■ **Material provided**
────

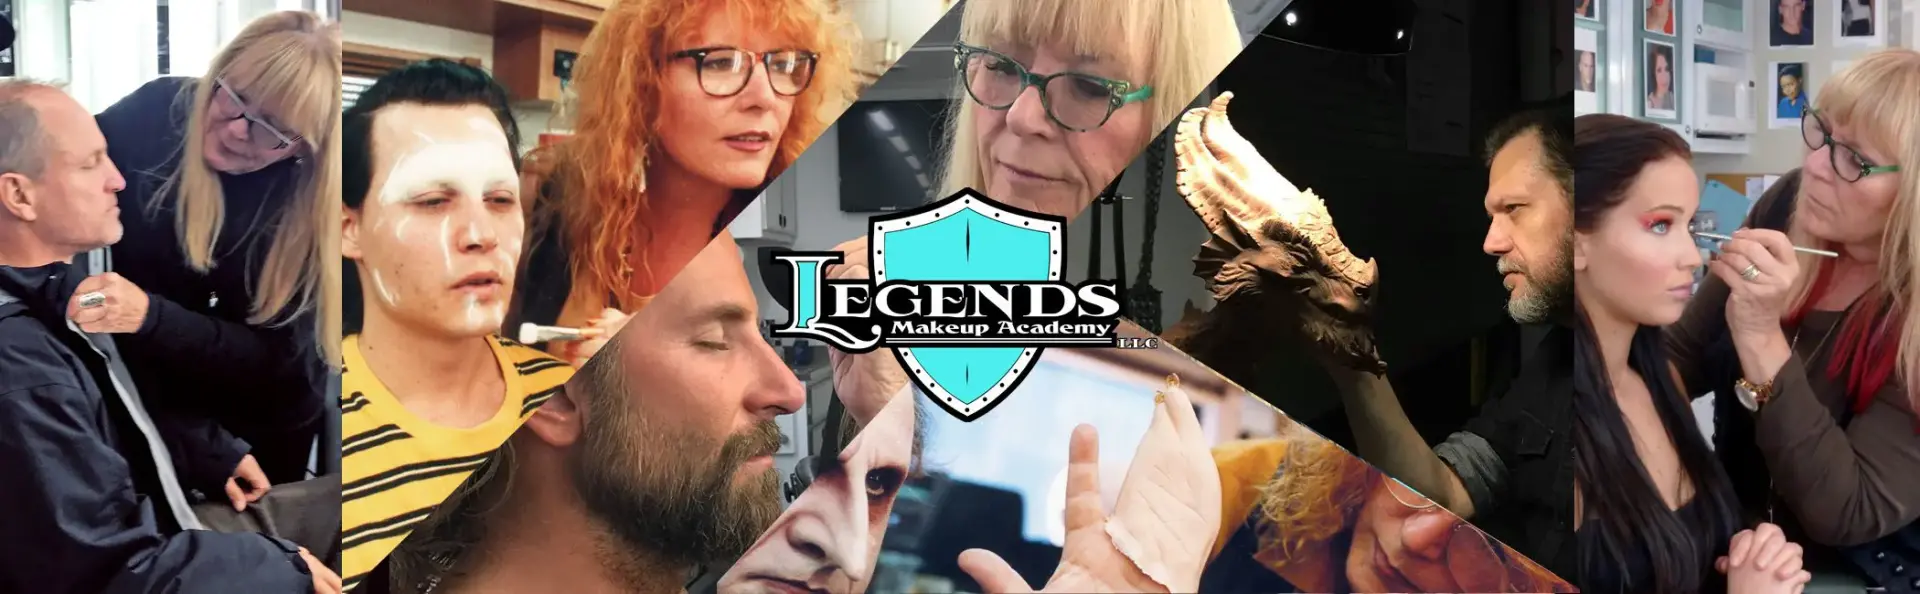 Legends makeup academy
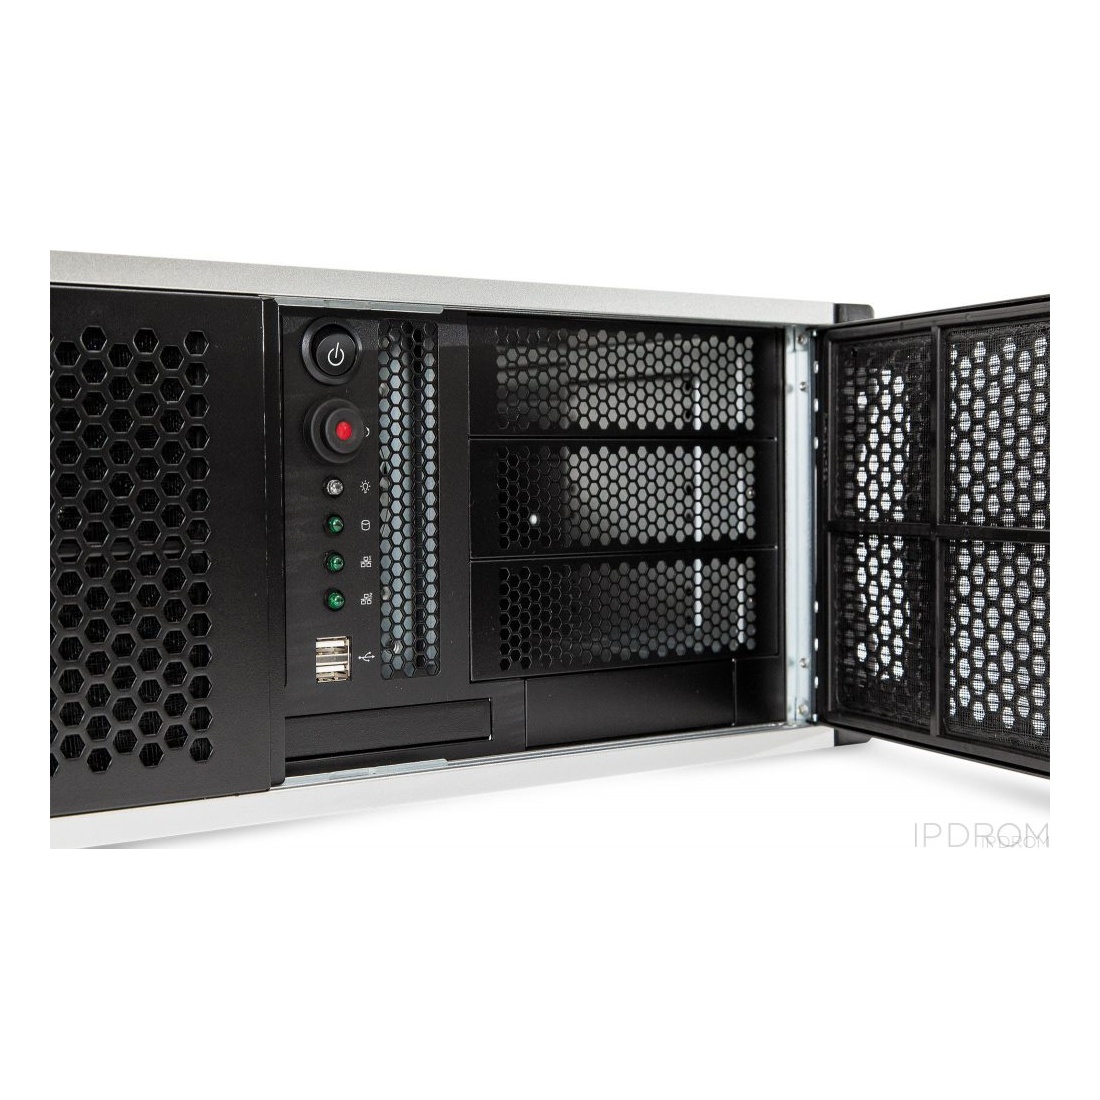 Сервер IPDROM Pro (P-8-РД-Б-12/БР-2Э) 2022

────

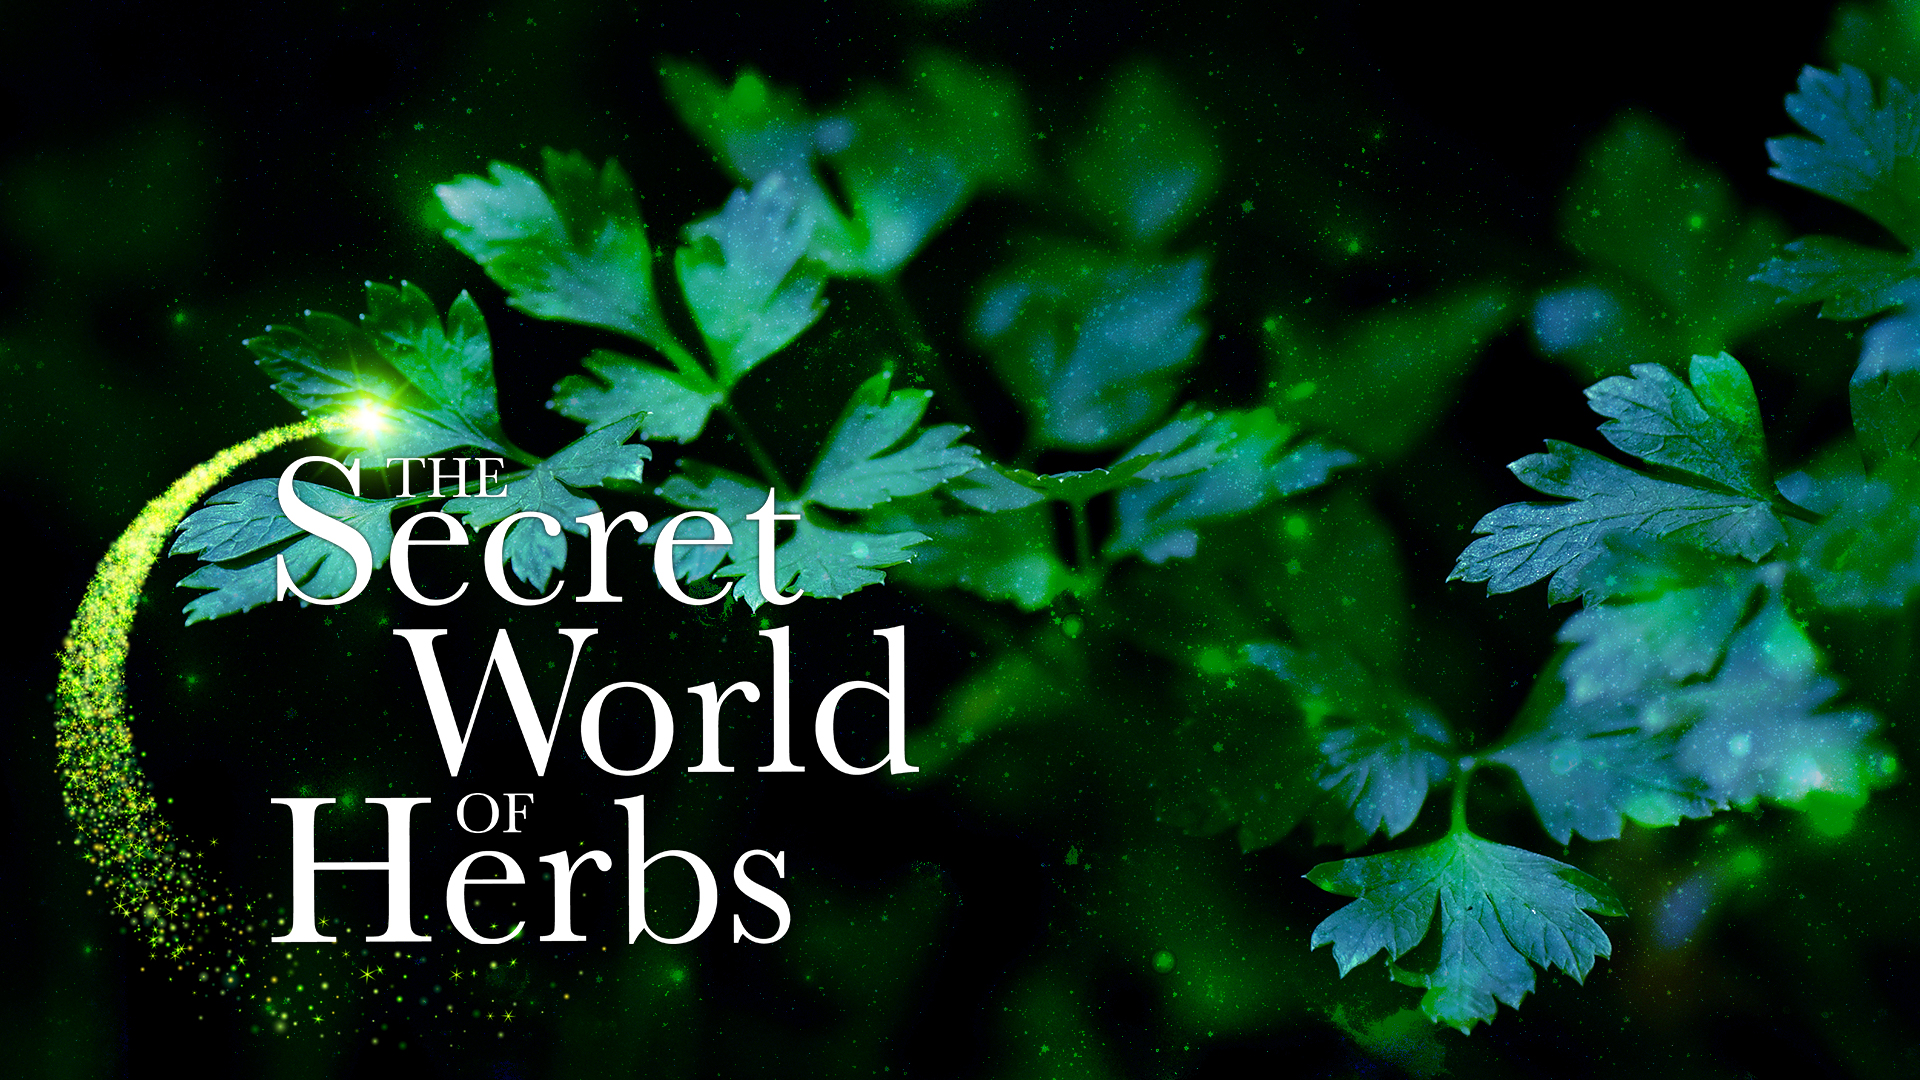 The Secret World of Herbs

────

■ **Task to complete**
Going by the data above, give back only the lines from the one containing "Legends makeup academy" through the one containing "Сервер IPDROM Pro (P-8-РД-Б-12/БР-2Э) 2022", exactly as they stand, both ends included and no images.

■ **Output for this task**
 Legends makeup academy
 Сервер IPDROM Pro (P-8-РД-Б-12/БР-2Э) 2022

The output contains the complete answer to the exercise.